PROBLEM TO SOLVE:
Below this line is a set of entries; quote exactly the lines from the line that contains "Haflinger Alaska 611001" to the line that contains "Camiseta Corinthians Peter", both lines included.

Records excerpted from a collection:

=-=-=-=-=

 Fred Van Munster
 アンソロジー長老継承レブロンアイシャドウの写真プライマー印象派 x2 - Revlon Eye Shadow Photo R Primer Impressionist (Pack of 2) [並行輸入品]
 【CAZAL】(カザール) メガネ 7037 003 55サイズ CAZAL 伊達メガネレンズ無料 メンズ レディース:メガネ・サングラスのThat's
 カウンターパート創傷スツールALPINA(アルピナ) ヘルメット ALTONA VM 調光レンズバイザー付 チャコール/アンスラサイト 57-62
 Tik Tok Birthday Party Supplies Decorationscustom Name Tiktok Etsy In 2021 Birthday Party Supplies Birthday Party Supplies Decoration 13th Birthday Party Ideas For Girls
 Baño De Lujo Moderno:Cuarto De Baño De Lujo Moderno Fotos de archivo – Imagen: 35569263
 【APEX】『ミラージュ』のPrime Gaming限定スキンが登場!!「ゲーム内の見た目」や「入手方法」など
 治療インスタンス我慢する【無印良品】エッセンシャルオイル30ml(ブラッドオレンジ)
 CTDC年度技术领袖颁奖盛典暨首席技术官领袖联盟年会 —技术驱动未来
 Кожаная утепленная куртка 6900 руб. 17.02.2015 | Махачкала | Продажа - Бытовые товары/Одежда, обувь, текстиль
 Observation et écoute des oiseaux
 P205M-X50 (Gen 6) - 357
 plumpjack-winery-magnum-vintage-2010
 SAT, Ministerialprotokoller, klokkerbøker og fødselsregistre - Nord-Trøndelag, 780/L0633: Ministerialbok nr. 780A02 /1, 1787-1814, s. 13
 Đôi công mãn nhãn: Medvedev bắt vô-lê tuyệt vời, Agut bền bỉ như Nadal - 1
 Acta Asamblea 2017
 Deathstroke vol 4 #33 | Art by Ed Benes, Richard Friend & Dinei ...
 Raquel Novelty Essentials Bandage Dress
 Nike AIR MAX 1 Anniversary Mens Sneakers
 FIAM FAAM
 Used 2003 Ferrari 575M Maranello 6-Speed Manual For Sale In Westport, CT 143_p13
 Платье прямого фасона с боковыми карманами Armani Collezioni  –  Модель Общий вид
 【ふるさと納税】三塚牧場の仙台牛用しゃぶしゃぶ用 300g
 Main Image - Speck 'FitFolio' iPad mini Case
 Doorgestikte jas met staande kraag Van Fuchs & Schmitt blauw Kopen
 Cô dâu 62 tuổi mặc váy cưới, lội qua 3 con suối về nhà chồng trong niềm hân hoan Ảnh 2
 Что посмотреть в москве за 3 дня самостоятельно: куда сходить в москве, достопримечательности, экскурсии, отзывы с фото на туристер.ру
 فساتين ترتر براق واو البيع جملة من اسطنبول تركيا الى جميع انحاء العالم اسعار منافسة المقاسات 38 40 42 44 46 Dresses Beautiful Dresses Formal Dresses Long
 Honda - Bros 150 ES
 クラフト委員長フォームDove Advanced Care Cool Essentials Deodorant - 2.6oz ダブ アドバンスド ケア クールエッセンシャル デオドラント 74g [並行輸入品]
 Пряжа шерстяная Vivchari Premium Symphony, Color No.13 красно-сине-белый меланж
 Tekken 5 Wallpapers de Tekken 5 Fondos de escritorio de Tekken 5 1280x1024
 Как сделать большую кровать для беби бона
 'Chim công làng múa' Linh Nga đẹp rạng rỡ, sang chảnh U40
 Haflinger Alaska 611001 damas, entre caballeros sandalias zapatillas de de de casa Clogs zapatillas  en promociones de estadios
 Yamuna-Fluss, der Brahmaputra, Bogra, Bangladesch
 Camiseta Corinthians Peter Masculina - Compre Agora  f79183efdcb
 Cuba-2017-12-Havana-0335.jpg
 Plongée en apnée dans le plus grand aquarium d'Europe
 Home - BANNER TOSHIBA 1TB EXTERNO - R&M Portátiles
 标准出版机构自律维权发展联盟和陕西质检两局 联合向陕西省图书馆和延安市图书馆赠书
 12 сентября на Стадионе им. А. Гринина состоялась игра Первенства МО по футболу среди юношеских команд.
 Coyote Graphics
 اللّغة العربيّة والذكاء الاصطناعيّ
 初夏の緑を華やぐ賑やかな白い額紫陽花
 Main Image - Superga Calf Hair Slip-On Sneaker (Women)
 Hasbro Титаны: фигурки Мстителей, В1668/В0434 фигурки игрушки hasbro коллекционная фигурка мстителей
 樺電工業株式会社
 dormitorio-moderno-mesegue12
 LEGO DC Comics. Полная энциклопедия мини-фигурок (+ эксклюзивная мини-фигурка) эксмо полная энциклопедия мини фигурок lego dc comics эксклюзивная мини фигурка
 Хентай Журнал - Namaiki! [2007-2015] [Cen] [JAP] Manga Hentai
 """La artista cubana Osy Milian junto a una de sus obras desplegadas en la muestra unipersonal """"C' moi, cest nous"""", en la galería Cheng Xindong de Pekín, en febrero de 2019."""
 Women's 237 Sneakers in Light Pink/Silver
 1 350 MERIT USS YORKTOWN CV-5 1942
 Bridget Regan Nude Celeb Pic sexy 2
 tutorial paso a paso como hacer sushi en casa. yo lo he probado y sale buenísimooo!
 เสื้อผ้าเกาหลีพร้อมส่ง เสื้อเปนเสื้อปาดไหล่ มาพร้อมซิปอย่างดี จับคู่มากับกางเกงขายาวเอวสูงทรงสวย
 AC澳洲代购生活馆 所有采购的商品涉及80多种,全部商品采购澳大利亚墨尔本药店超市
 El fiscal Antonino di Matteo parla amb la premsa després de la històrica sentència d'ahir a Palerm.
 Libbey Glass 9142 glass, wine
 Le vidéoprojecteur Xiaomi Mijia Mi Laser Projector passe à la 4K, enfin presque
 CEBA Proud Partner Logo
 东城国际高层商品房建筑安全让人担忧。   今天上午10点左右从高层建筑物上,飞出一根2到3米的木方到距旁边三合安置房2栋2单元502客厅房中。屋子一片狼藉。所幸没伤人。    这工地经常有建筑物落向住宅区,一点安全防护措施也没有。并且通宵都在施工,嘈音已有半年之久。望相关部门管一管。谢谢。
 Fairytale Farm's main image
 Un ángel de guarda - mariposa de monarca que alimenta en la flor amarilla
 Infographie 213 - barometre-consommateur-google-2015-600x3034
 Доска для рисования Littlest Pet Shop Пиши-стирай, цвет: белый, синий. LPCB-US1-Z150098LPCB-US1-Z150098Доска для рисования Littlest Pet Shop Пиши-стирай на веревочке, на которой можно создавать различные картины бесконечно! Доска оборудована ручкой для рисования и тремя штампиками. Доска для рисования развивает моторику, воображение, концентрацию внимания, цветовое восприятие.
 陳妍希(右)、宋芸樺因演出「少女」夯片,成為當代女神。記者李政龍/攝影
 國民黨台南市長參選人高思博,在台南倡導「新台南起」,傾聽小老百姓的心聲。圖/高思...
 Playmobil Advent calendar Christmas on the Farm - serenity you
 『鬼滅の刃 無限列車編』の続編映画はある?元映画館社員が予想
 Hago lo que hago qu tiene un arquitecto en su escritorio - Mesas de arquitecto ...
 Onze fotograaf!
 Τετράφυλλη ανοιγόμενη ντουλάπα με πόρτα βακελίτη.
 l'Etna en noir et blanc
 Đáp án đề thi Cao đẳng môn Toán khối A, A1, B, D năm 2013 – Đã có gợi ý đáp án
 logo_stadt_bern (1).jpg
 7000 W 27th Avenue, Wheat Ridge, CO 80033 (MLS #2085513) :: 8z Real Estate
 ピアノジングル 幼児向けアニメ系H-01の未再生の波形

=-=-=-=-=

RESULT:
 Haflinger Alaska 611001 damas, entre caballeros sandalias zapatillas de de de casa Clogs zapatillas  en promociones de estadios
 Yamuna-Fluss, der Brahmaputra, Bogra, Bangladesch
 Camiseta Corinthians Peter Masculina - Compre Agora  f79183efdcb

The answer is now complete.